TIJUANA, Baja California — A U.S. citizen was among six victims gunned down in a mass shooting in Tijuana on August 18, just two days after the victim’s wife and kids crossed into the United States and claimed asylum.
Phillip Norman Caldwell had been living in Tijuana for the past four months with his wife, Dulce Rosario-Rojas, and their three young children.
The family had bounced around between family shelters and rental units in recent months as they waited for Rosario’s number to be called at the border.
On August 16, the wife and children crossed safely through the San Ysidro Port of Entry and claimed asylum. They were detained for four days by Customs and Border Protection and then paroled into a downtown San Diego family shelter.
During the family’s detention, Caldwell remained in Mexico at the family’s rental house in the Tres de Octubre neighborhood of Tijuana. In the early evening of August 18, gunmen opened fire and killed six people – including Caldwell – inside a neighboring house.
Caldwell’s landlord owned the house where the mass shooting took place, according to family members, and it remained unclear why the 40-year-old American father was inside his landlord’s house.
A total of four people died inside the house and two victims died later in the hospital, according to Tijuana news media reports. The landlord was one of the two victims who died at the hospital, family members said.
Tijuana news reports indicated the killings may have been a drug-related, revenge killing linked to an earlier murder at Playas de Tijuana that same day. Those reports were not confirmed by Tijuana homicide investigators.

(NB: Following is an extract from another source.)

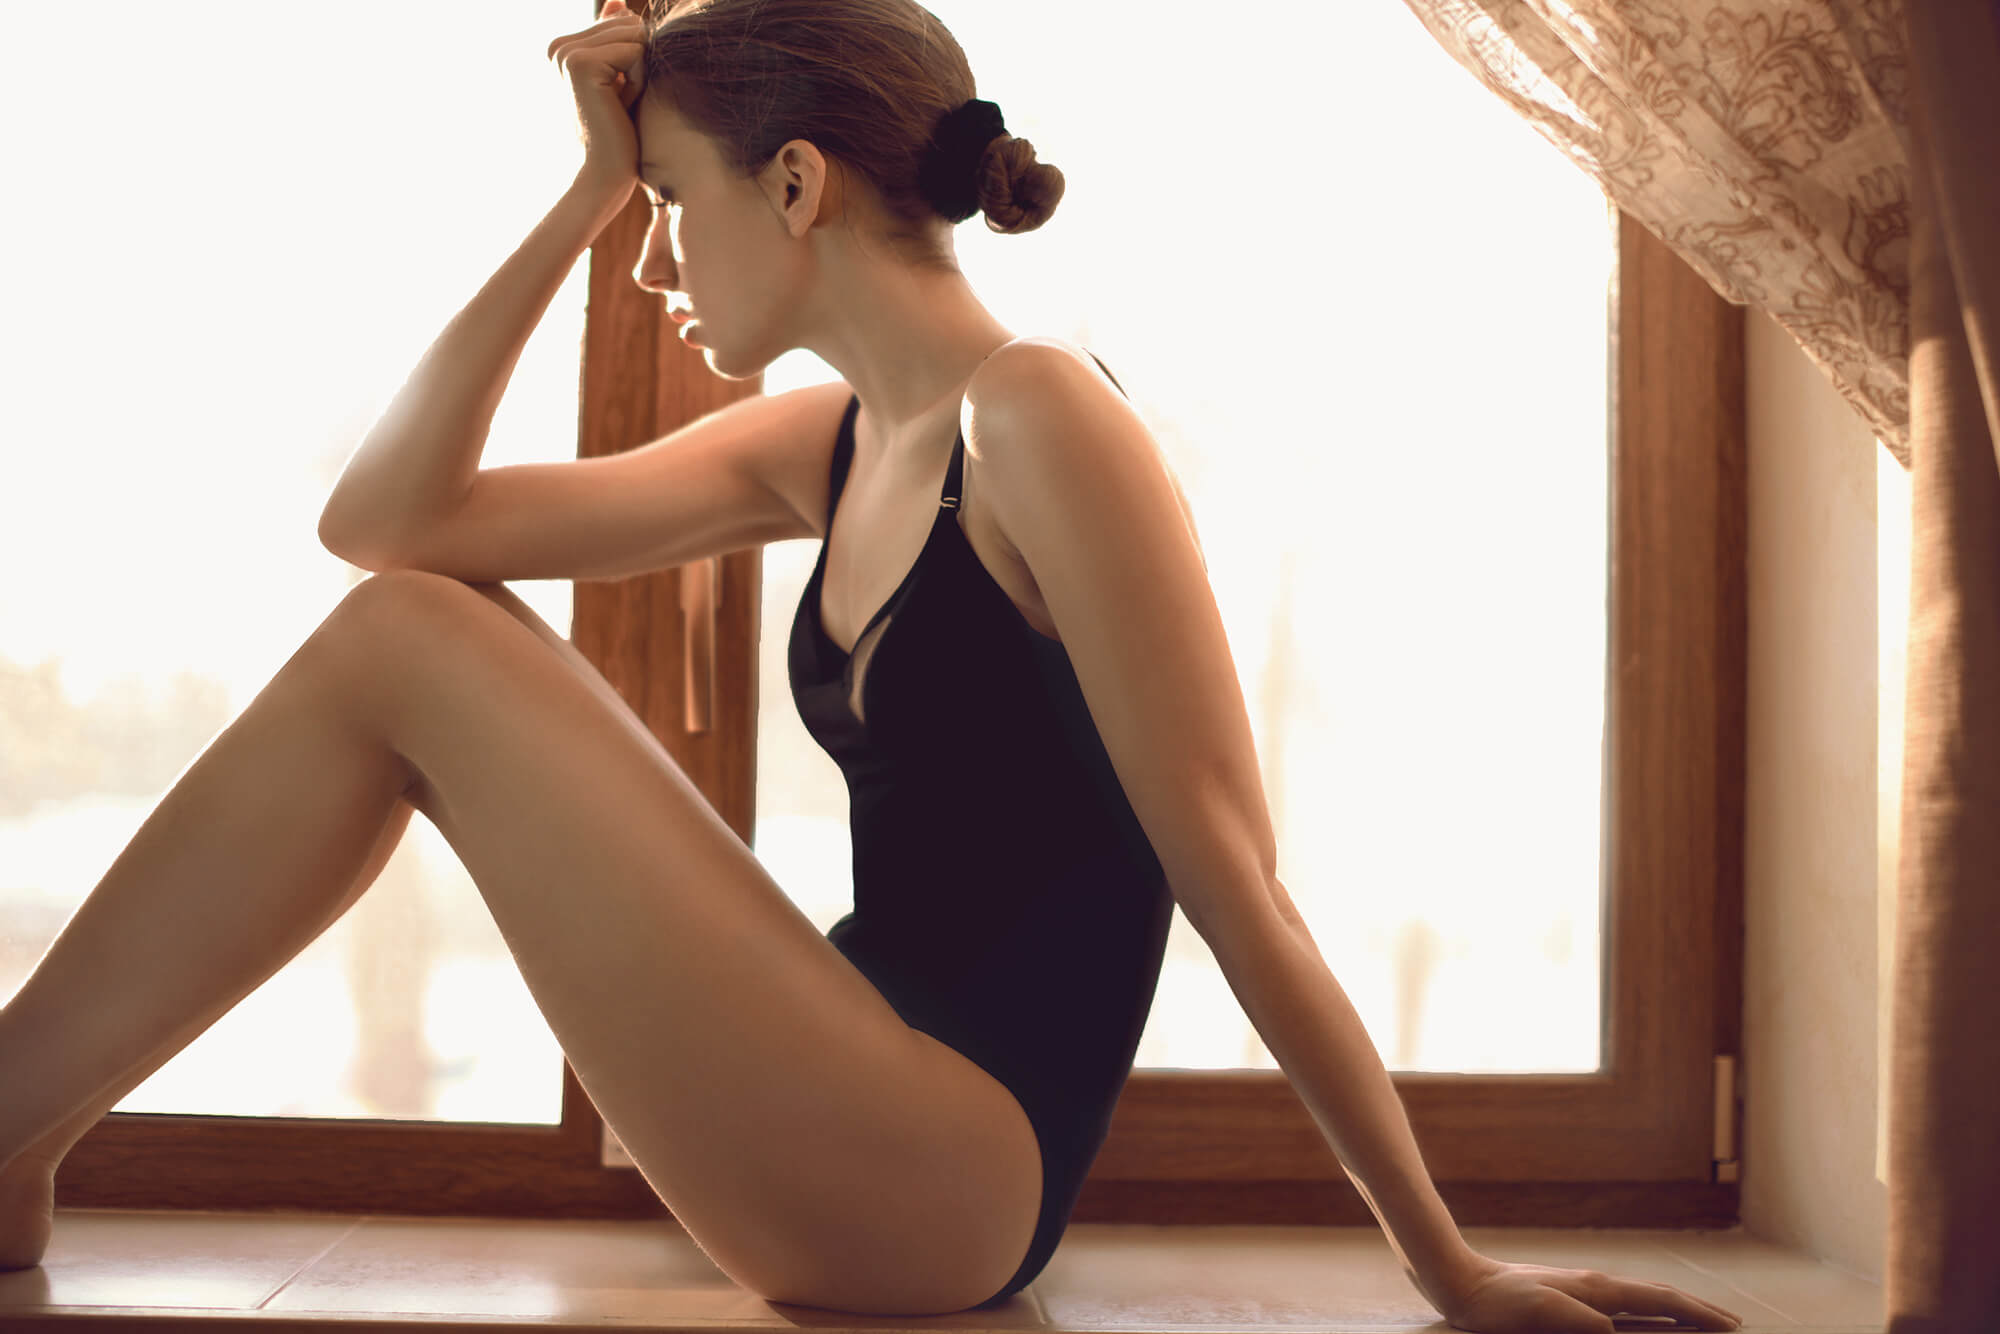 163265-o-que-e-anorexia-e-como-combater-essa-vila-da-saude

The Tres de Octubre neighborhood is known a high-crime area, the news reports said. Police arrested three suspects in a vehicle blocks away from the murder scene, and recovered a .223 caliber rifle and a .40 caliber handgun, Tijuana officials said during a news conference. Investigators are running ballistic tests on the weapons to determine if they were used in the killings.
Caldwell was disabled since losing his right leg from the knee down in a motorcycle accident four years ago. He was able to walk using a prosthesis.

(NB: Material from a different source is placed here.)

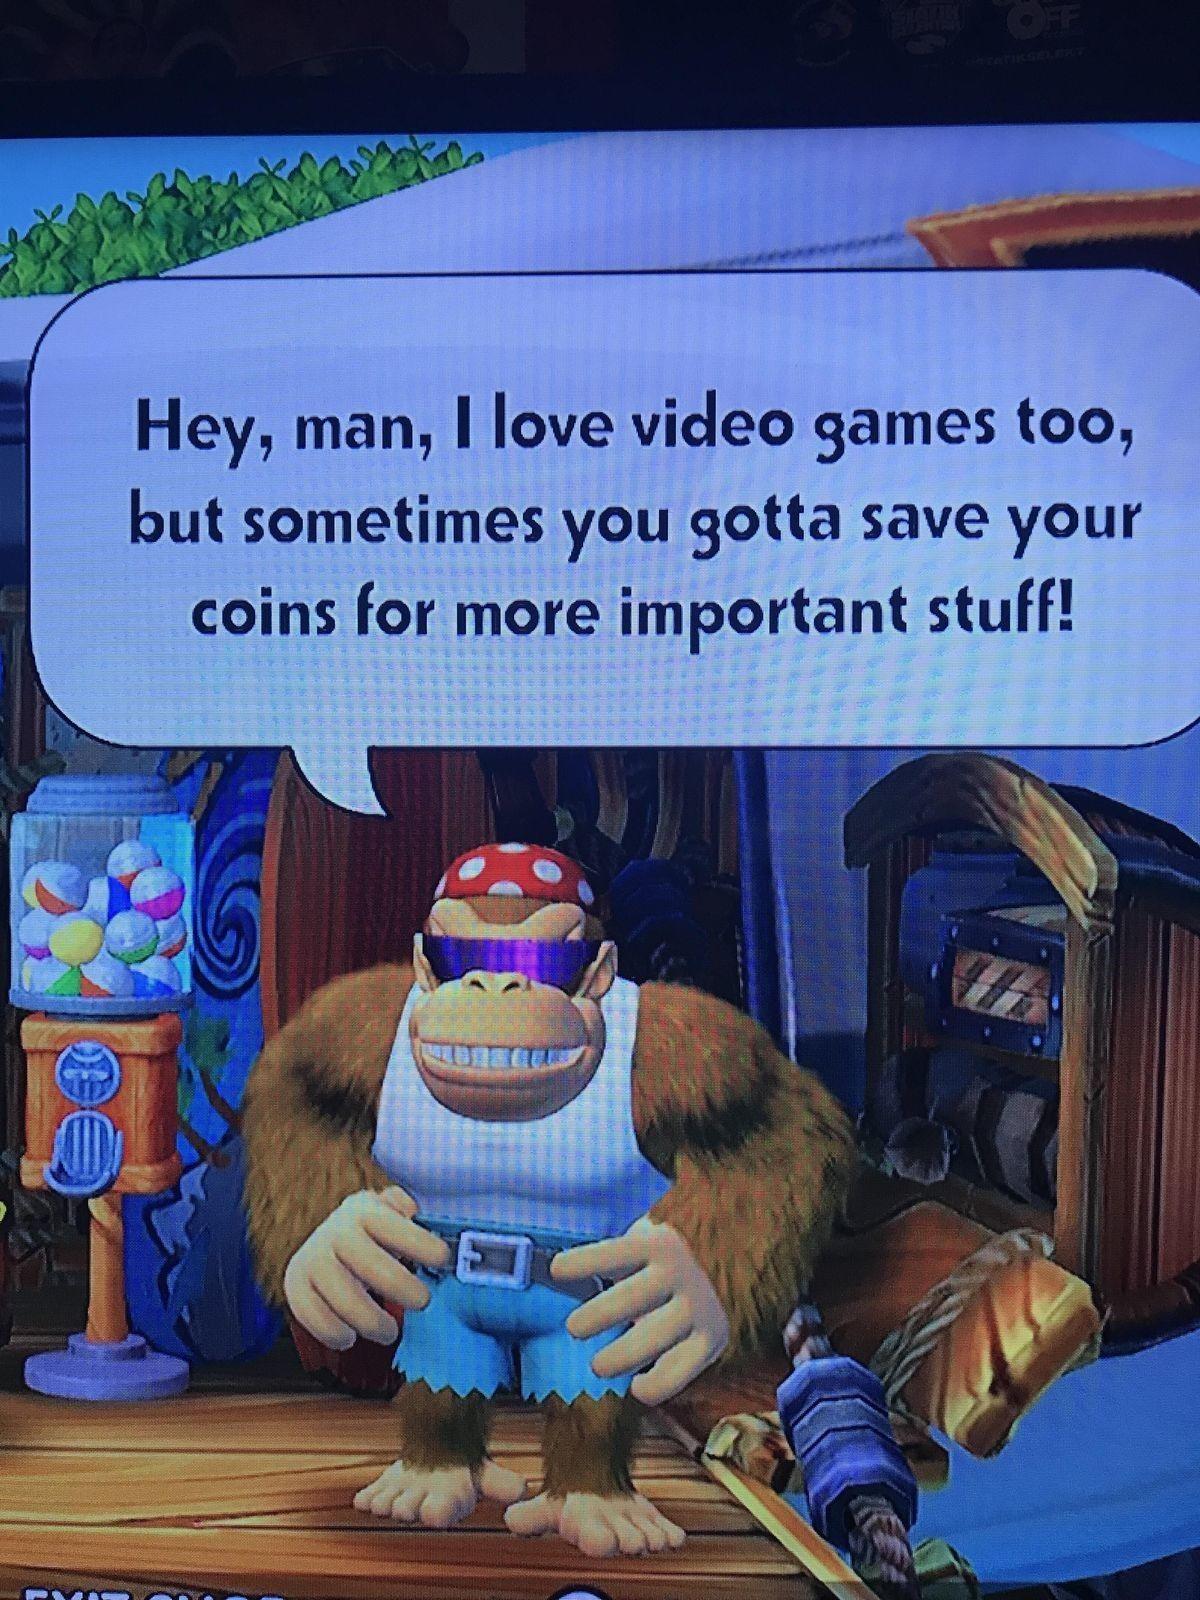 funky kong says
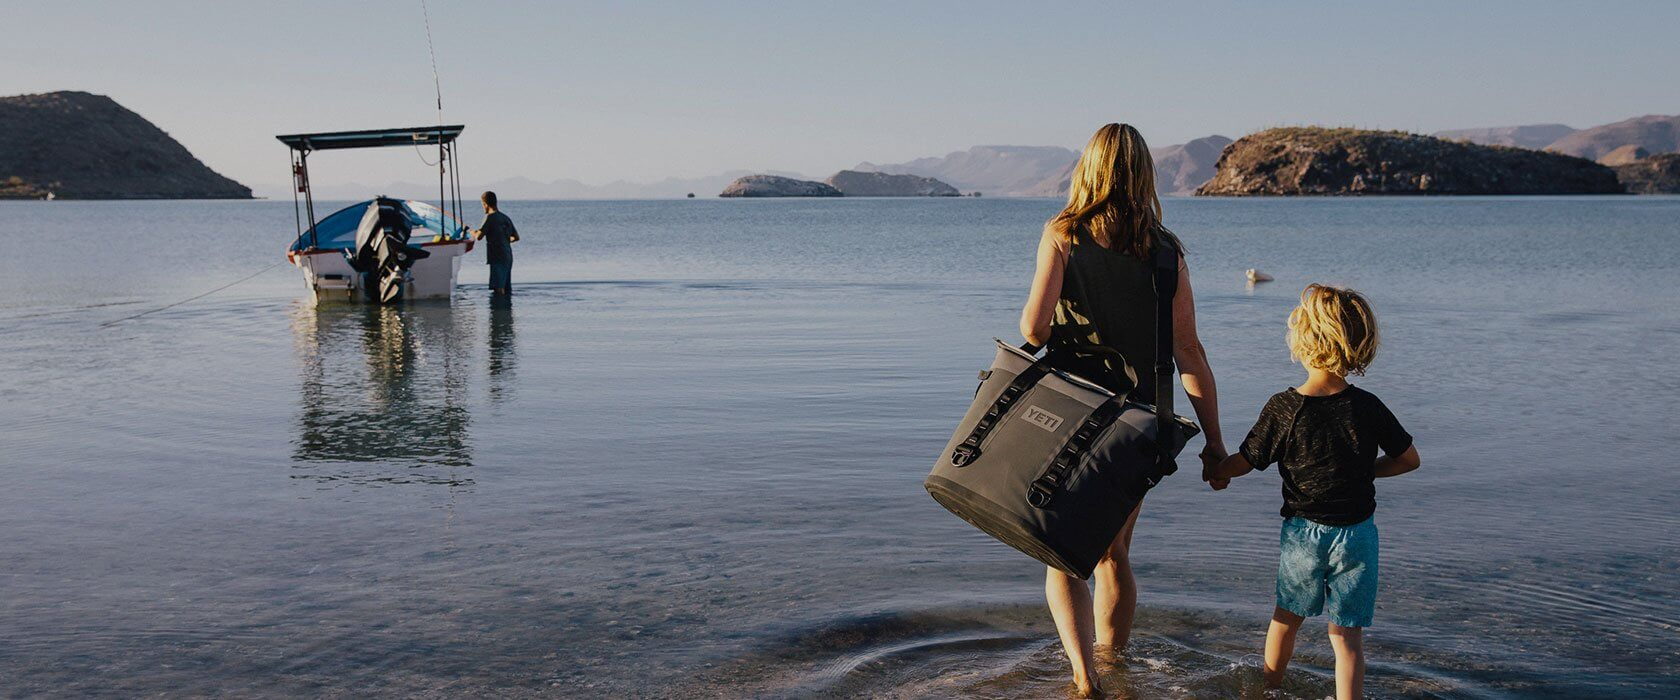 Yeti Hopper M30 At The Beach

For now, Rosario and her three children will remain in the downtown San Diego shelter pending her application for green card as well as their ongoing asylum case.
Rosario will have to start over in her green card application process, now, as the widow of a U.S. citizen. The family is receiving legal assistance from Catholic Charities Diocese of San Diego.
The nonprofit’s Director of Immigration Services, Nadine Toppozada, said the legal team was shocked to learn of Caldwell’s murder.
“I was horrified. It’s a situation that no family wants to find themselves in,” Toppozada said.
CBS News 8 first met the Caldwell’s family in April when they were living in a Tijuana Shelter.
The family said they were forced to migrate to Tijuana because they felt unsafe living in their home in Chiapas, Mexico. Toppozada said Caldwell’s death is, sadly, not unique among asylum seekers. “This is an example of something that happens and this is not the first or last time that we will hear of this,” she said.
“He went to Tijuana to protect his U.S. citizen children and lost his life doing that. It’s a horrible situation, very sad and tragic,” Toppozada said.
The victim’s father, William Caldwell, lives in Fresno and is seeking assistance in retrieving his son’s remains from the morgue in Tijuana.
He said he wants to transport his son back to Alabama, where Phillip Caldwell was born and raised.
Catholic Charities of San Diego is accepting donations to assist the family.
In a statement to News 8, a Department of State official said:
"We can confirm the death of a U.S. citizen in Tijuana, Mexico on August 18. We extend our condolences to the family and loved ones. Whenever a U.S. citizen passes away overseas, the Department of State works to provide all appropriate consular assistance to their family. Out of respect for the family at this difficult time, we have no further comment."